After reading both Ms. Lenski’s bio and that of the authors of Marketing Mix, I wonder how much of this viewpoint is based on life-experience and professional training. Neither is an attorney. At the beginning of your legal career, (and I would posit just about any professional career), just about every assignment offered to you is a “stretch” for your skill level and experience. Freshly minted lawyers, no matter what silk stocking law school they attended, are ill-prepared for just about every assignment given to them save for fetching coffee. But large law firms routinely have young attorneys assume tasks far beyond their experience level.
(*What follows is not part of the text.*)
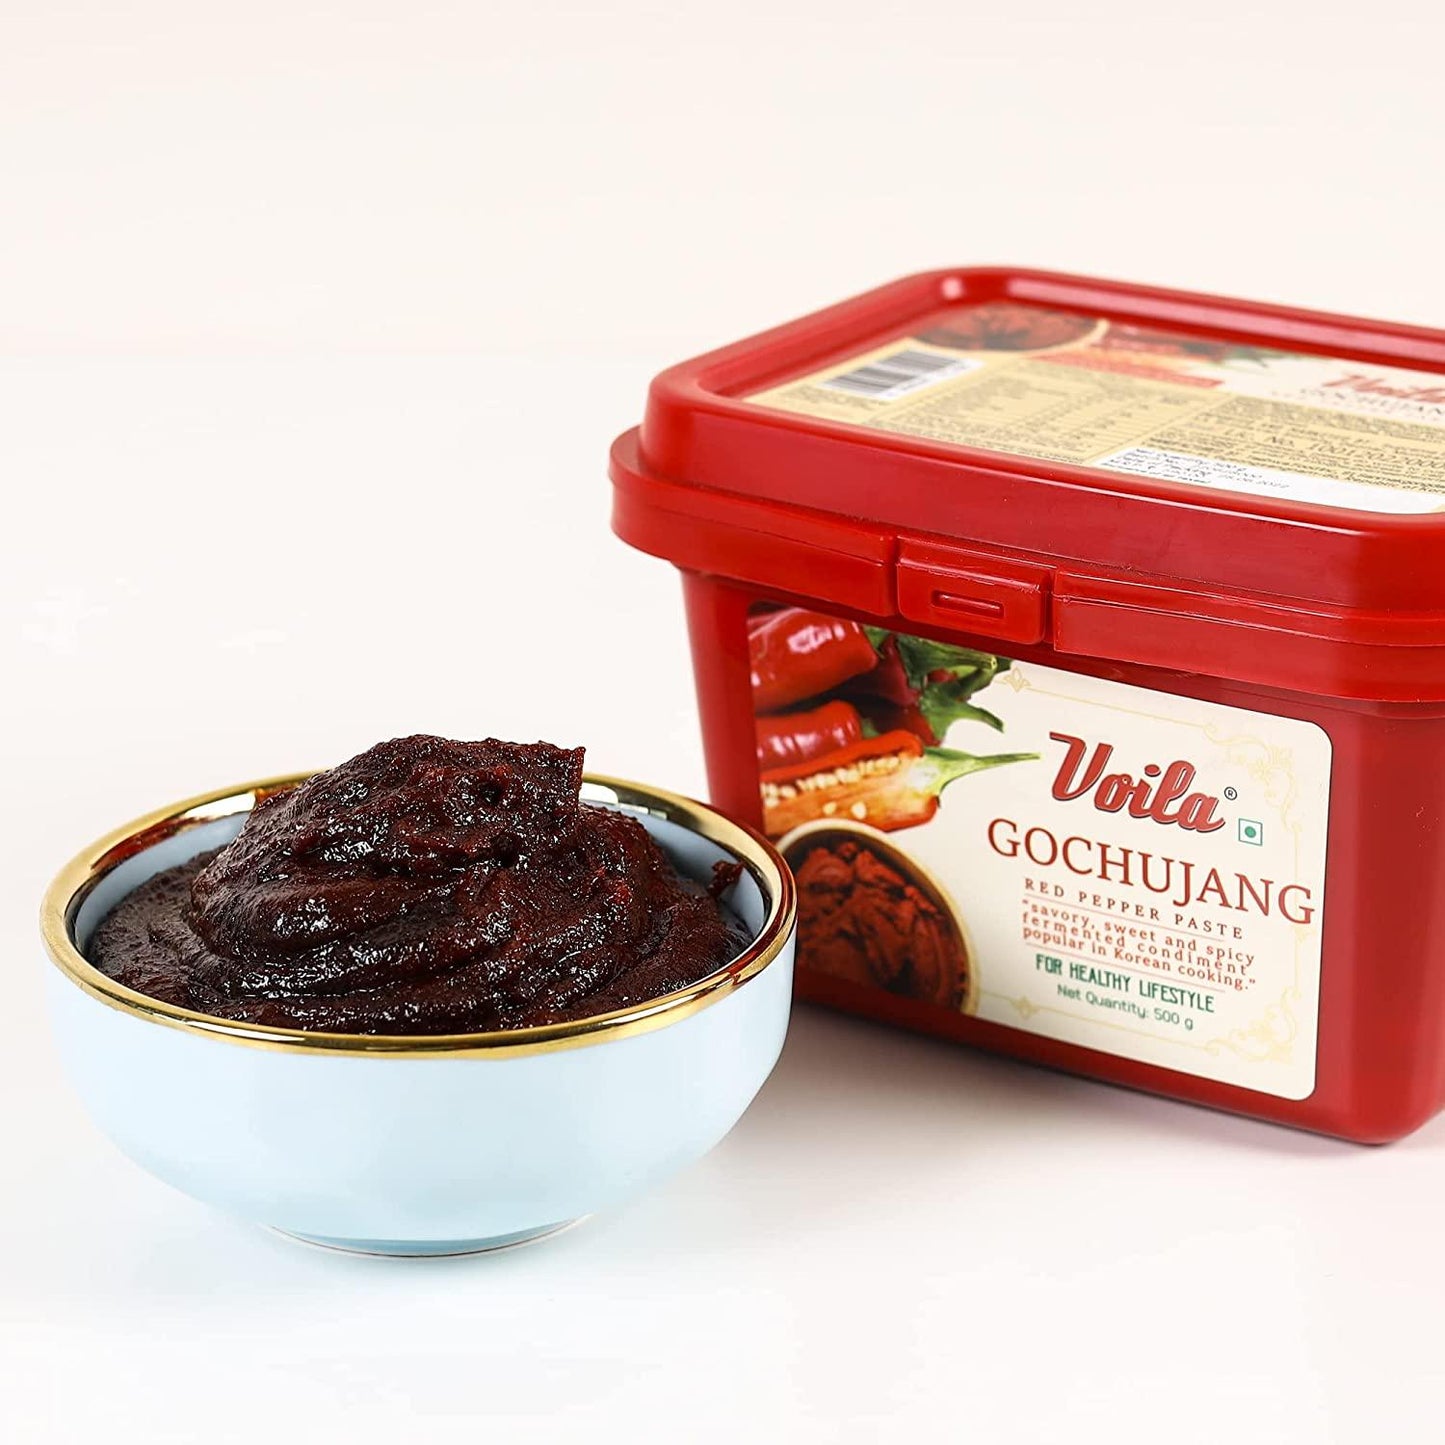 Voila Korean Chilli Paste Gochujang 500g - reddotgreendot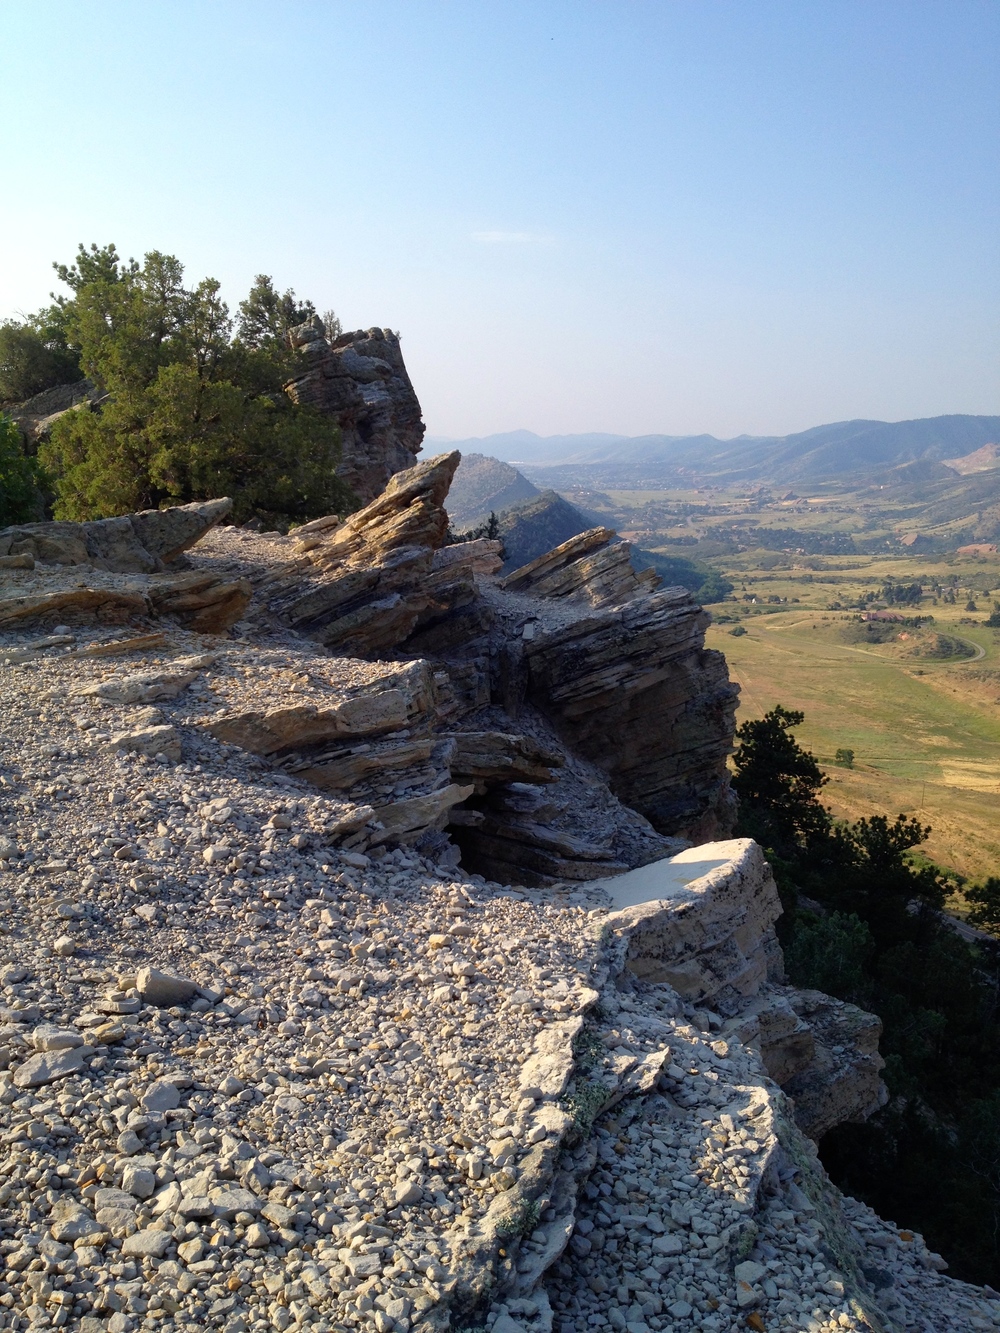 Views along the Dakota Ridge Trail

Within weeks of my first “real” law firm job, I was sent off to try a case. Alone. Granted, it was Magistrate’s Court (claims under $15,000), but I was still responsible for protecting the client’s rights and seeing to it that he prevailed. I had friends from law school who entered District Attorney’s offices and were sent off to try criminal cases within their first week on the job. Some enterprising young lawyers even went into practice for themselves. Straight out of law school.
And it isn’t limited to your first years of practice. While you may eventually get to a level of comfort about certain subject matter, or in front of a jury or appellate panel, you really cannot become truly good at what you do unless you stretch yourself. One of my most fulfilling assignments in my 11 years of practicing law was working with a large insurer overseeing claims for over $120 million dollars of property damage relating to Hurricane Ivan. Before that assignment, I had no experience working with this particular client (who was quite unique in culture), nor with the insurance coverage issues involved. When it was offered to me, I simply said, “yes, I’ll do it.” I made a few mistakes along the way, but in the end, I learned a lot.
I fully appreciate the caveat that doing a poor job at something at which you are inexperienced can hurt your reputation, but undertaking jobs outside your comfort/skill/experience level is how you learn, grow, and gain experience. I can think of a dozen cliches and proverbs to illustrate this principle. My favorite is an Italian proverb, “Chi non risica non rosica” – loosely translated as “Nothing ventured, nothing gained.”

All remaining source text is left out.